DİSLEKSİ NEDİR?
4 Mart 2017, CumartesiTweet |
TUNCAY TÜRKMEN
"Ayları, Günleri öğrenebilecek mi?"
"Yaşam üzerine her şeyi konuşabiliyor ama 2 ile 2’yi neden toplayamıyor?"
"Yazarken veya okurken neden harfleri atlıyor?"
"Dede"yi neden "bebe" diye okuyor?"
"Bazı rakamları (“6-9″,”3-8″,7-4″) hep birbirine karıştırıyor. Dikkatini mi vermiyor?"
"Çok iyi bir çocuk, çok çalışıyor ama neden yapamıyor?"
"Sağını solunu ayırt etmekte zorlanıyor. Defalarca söylüyorum ama hep aynı noktada."
Ebeveynlerde bu soruları sorduran çocuk kim olabilir? Onlar akademik olarak başarısız, ama zeki çocuklardır. Bu çocuklar "çini"yi "için" diye okurlar. 41’i 14 yazarlar, p’yi d, d’yi b yazarlar ve bir kelimeyi oluşturan harflerin sırasını hatırlayamazlar. Ödevlerini tahtadan alamazlar, çok eşya kaybederler veya unuturlar, kitaplarının yerini unuturlar, içinde bulundukları yılı, günü ve mevsimi ayırt edemezler.
Kahvaltıya öğle yemeği diyebilirler; zaman kavramı oluşturamamıştır. Dün, bugün ve yarını karıştırabilirler. Gördüklerini hatırlayamazlar ya da zihinlerinde canlandıramazlar. Bu çocuklar sınıfta öğrenemezler. Bu çocuklar, bir cümle ya da fikrin ortasından başlayabilirler ya da bir cümlenin ortasında durabilirler.

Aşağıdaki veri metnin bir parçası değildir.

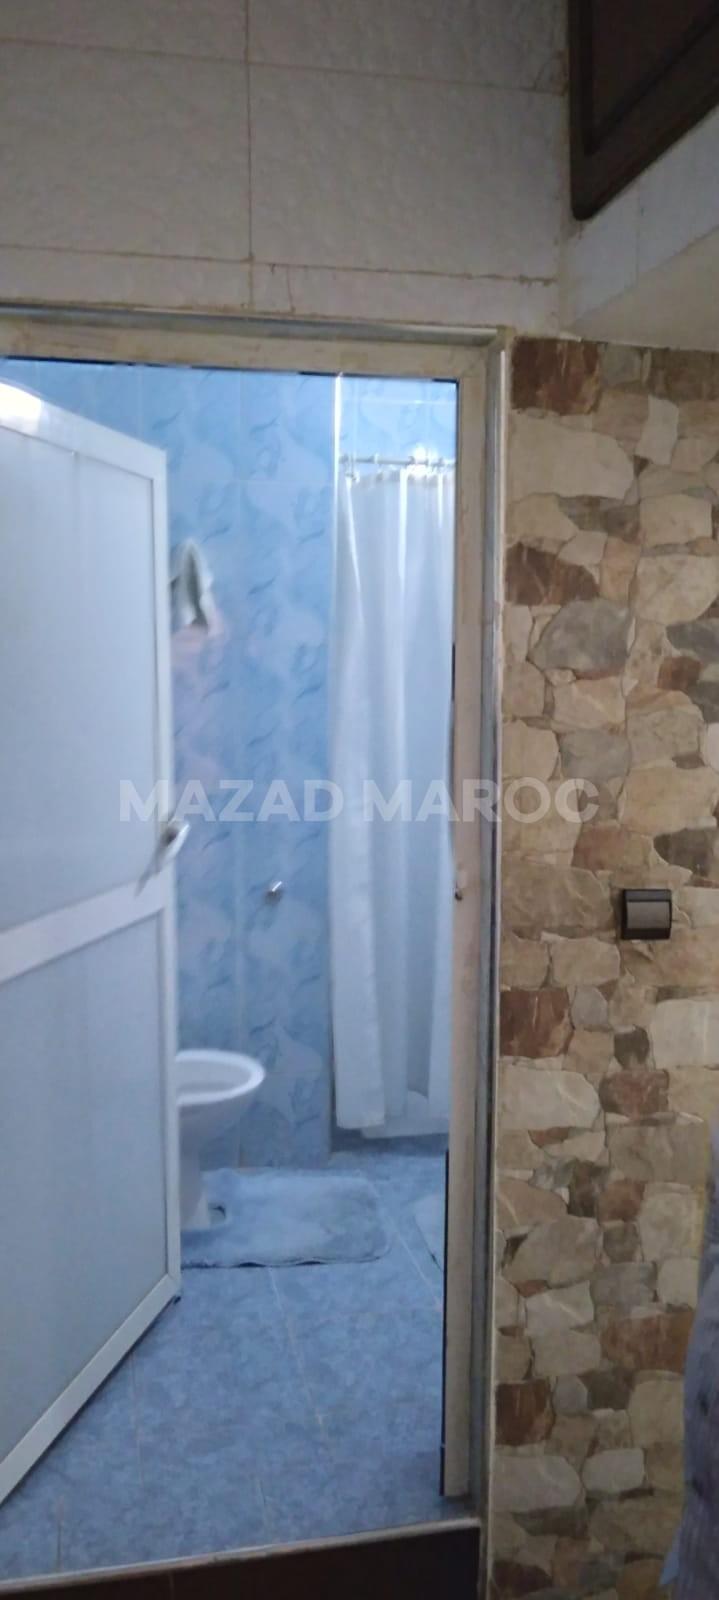 Appartement a vendre a temara 67 m2

Bazı durumlarda toplama, çarpma yapabilirler; ama çıkartma ya da bölme yapamazlar. Kimi zamanda matematiği yalnızca zihinden yapabilirler, ama yazamazlar. Kelimeleri yüksek sesle okurken harfleri ve heceleri yutabilirler ya da ekleyebilirler.
6 yaşına gelen tüm normal çocuklar artık bir eğitim alabilecek zihinsel gelişim düzeyine gelirler. Okula giderler ve ilk öğrendikleri şey okumaktır. Öğrenme bozukluğu adı verilen sorunu yaşayan çocuklarda ise bu hazırlık henüz tamamlanmamıştır. Öğrenmeye yardım eden zihinsel organizasyon bazı bakımlardan yeterli değildir.
Okuyamazlar, yazamazlar, matematikte zorluklar yaşayabilirler; ancak zekâ düzeylerinde bir sorun yoktur. Durumu ile ilgili bilgi sahibi olmayan ailelerde "anlaşılamama" sorunu yaşarlar. Okuyamadıkları ya da matematiksel işlemleri yapamadıkları için zekâ düzeylerinden kuşku duyulur. Aileler paniğe kapılır, öğretmen öğretememenin sıkıntısını duyar ve giderek büyüyen bir sorunlar yumağıyla çoğunlukla herkes çocuğa yüklenir. Tabii bu yüklenme biraz boşadır. Çünkü çocuğun bu özel durumuna ilişkin pek bilgi sahibi olunmamıştır. Bu tablonun sergilendiği bir çocuk için bir doktor "Nörolojik Olgunlaşmamışlık" ya da "Minimal Beyin Disfonksiyonu"; bir eğitimci "Öğrenme Bozukluğu" adlandırmalarını kullanır.
Yapılabilecekler?
Çocuk özel olarak bireysel bir Disleksi alanında uzman eğitmenler tarafından Disleksi Eğitimi almalıdır. Disleksi eğitiminde temel amaç, çocuğun yaşıtları ile olan farkın kapanmasıdır. Disleksi eğitimi bir program dahilinde yapılır ve bu program kesinlikle bireysel olarak uygulanmalıdır. Dislektik bireylerin eğitimi farklı olup sınıf içi kullanılan klasik öğrenme metotlarıyla öğrenme gerçekleştirilemez. Her çocuğa uygulanan yöntem bile farklılaşabilir.